Tuesday, February 10, 2015

Review: Party of Three

Sometimes hanging out in a basement leads to boredom, which then leads to drinking resulting in personal and internal conflict due to inebriation. In Danny Mitarotondo’s Sun and Room, a guest-less party leads to three friends confronting personal demons while dancing to music, chowing down on pizza, and drowning their sorrows through booze. As the sun rises, eyes shut on a night that they’ll likely forget.
Sun and Room by Danny Mitarotondo follows a trio of college kids who blast music while eating pizza, guzzling beer and liquor, and brushing the surface of what their future is going to be. Aside from that, there’s not much more action to speak of. Leah plays host to best friend Zoe and new pal Matt as they wait for the pending guests in a Godot-like standstill. As they hang, we see glimpses of character. Matt is socially awkward that may or may not be gay. Leah is a lost soul looking for acceptance and guidance. Zoe is a drunken mess that only finds inner peace with alcohol and sex. The commonality between the trio is three individuals who are isolated searching for companionship. But Mitarotondo only brushes the surface, as there truly is no resolution or arc for the story or characters. There is a lot of nothing that happens, which is a true and honest depiction of what friends would do on a Friday night, but there feels as if there is something lacking. There is more that wants to be explored. And little nuances that the characters mentioned early on were never spoken of again. The most interesting one was Leah and the grave importance of her father’s record player. With the walls lined with records, you almost have to wonder why the music source was a computer and not this revered record player. Little things like that may have helped tie the world together a little better. The soundtrack of the world was very particular to the characters and lacked resonation to the audience.
photo courtesy of Danielle Faitelson
Sun and Room was specifically written for the voices of the actors. And it’s clear. Leah Brewer, Zoe Pike, and Matthew Socci bring so much heart and dedication to the stage. They have a strong connection to their stage personas, whether they are merely abstractions of self or full on representations. But with a script written for a specific set of actors, even using the same names, it begs the question of where does actor end and character begin and can this play exist beyond this trio? Brewer, Pike, and Socci do a phenomenal job representing youth today and in turn extensions of themselves, but giving this intricate play to a new group of artists, will it carry the same weight.

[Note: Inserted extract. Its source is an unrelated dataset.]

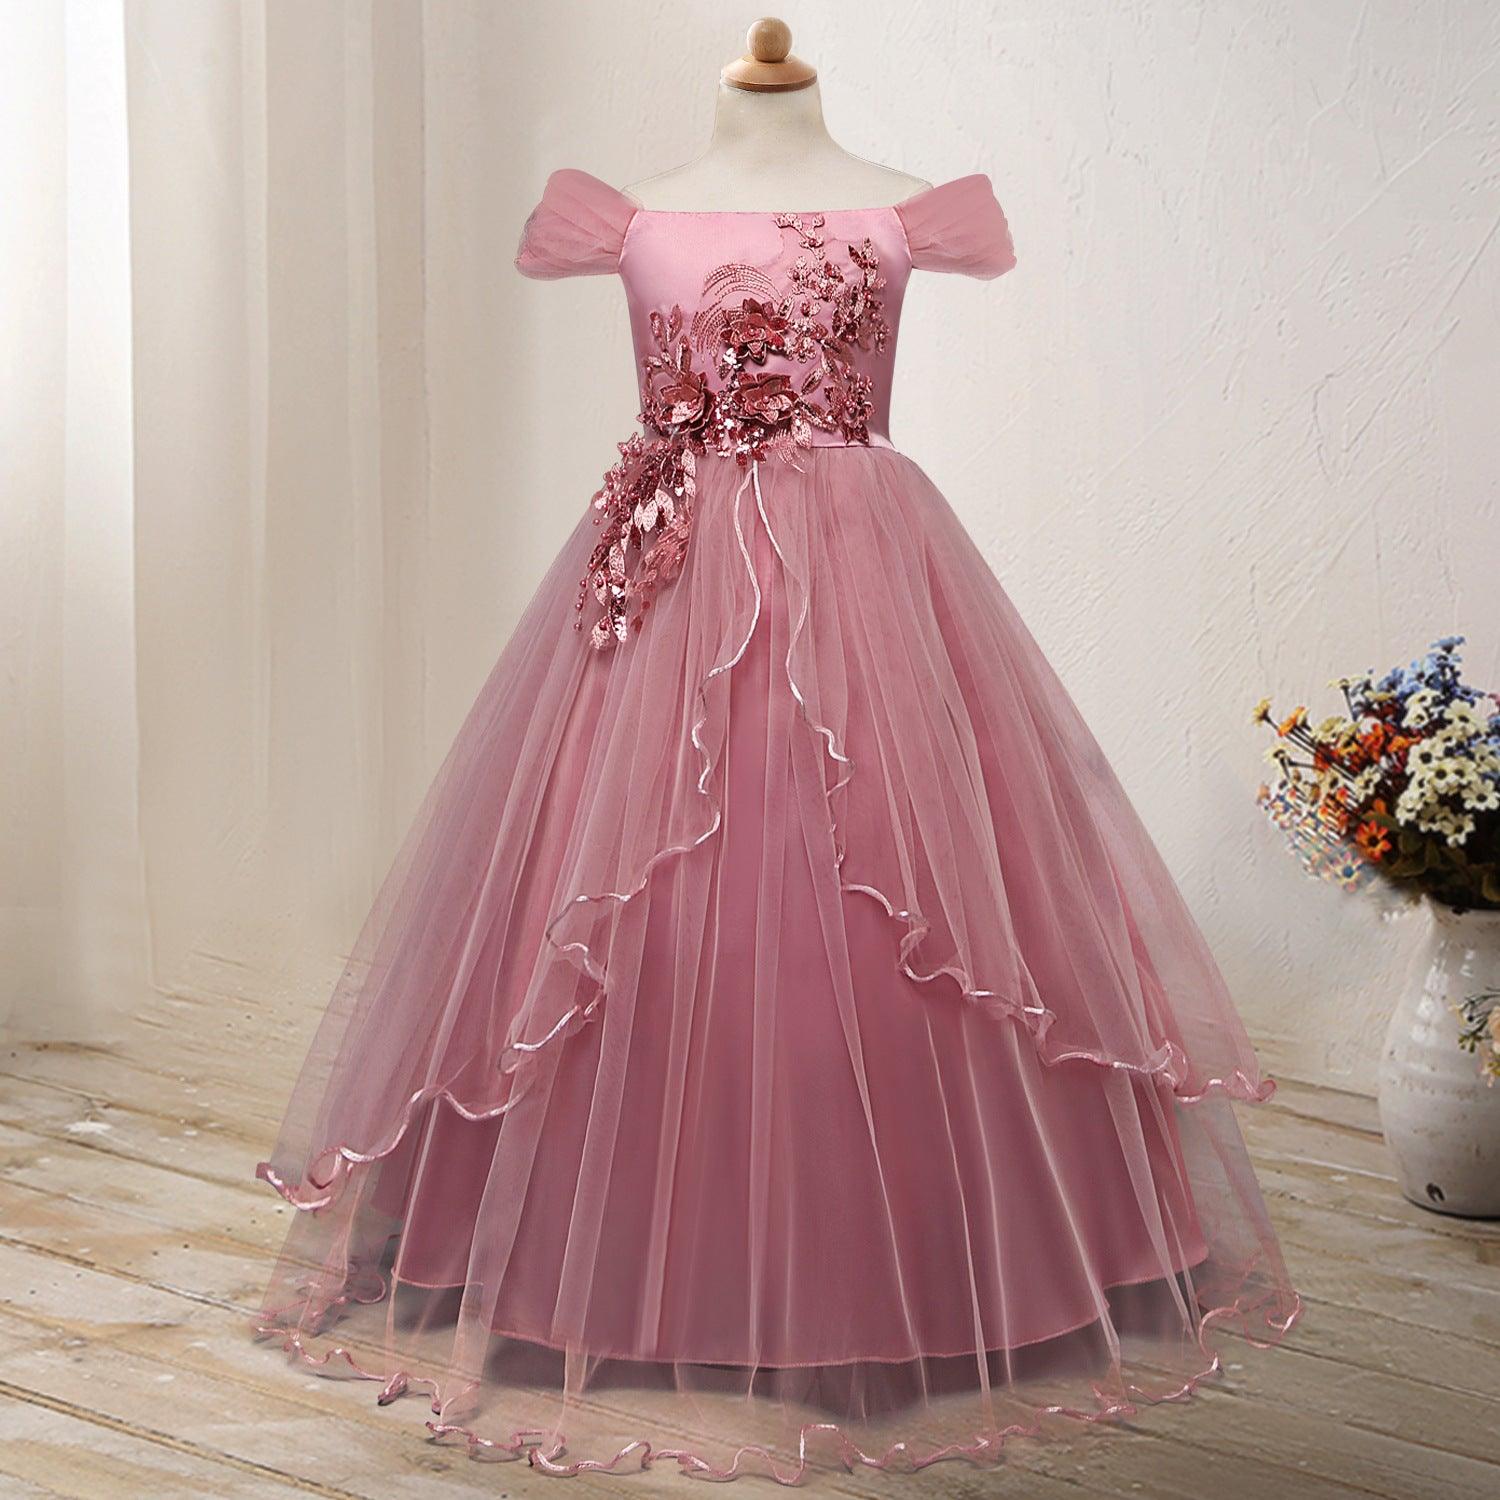 One-shoulder Princess Flower Dress Costume - TOYCENT

Director Shannon Fillion took Mitarotondo’s script and found reality. Her spot-on direction was almost too real. Fillion guided her young actors through an evening of debauchery that reminded you of that one night with your friends. Her staging was fluid and constant, finding great stillness as the night died, but the moments when the stage was bare and the characters were “upstairs” went on a bit long. Costume designer Jane Gould gave the characters a personality and identity through clothing. They were authentic yet specific. Alicia Laws, who served as scenic and lighting designer had a big job. Laws’ dingy basement had an eclectic array of objects and a questionable color scheme. But we learn Leah is “remodeling” so it can pass. Laws and Fillion depended on light, or lack there of. With the play set in a basement, natural light was explored through two dynamic windows. Close attention to detail was had at the start and toward the end of the play using the existence of the sun and moon. Even a simple pass by of light was seen to represent the pizza delivery. But the middle of the play, those windows were filled with darkness yet with no practical lights on, there was still light. This was truly the only moment of theatricality within the entire play.
Sun and Room is a brilliant look at a slice of life. Beyond that, there is little that was explored. Mitarotondo created a piece that has great heart and great potential but it may not translate with a different ensemble.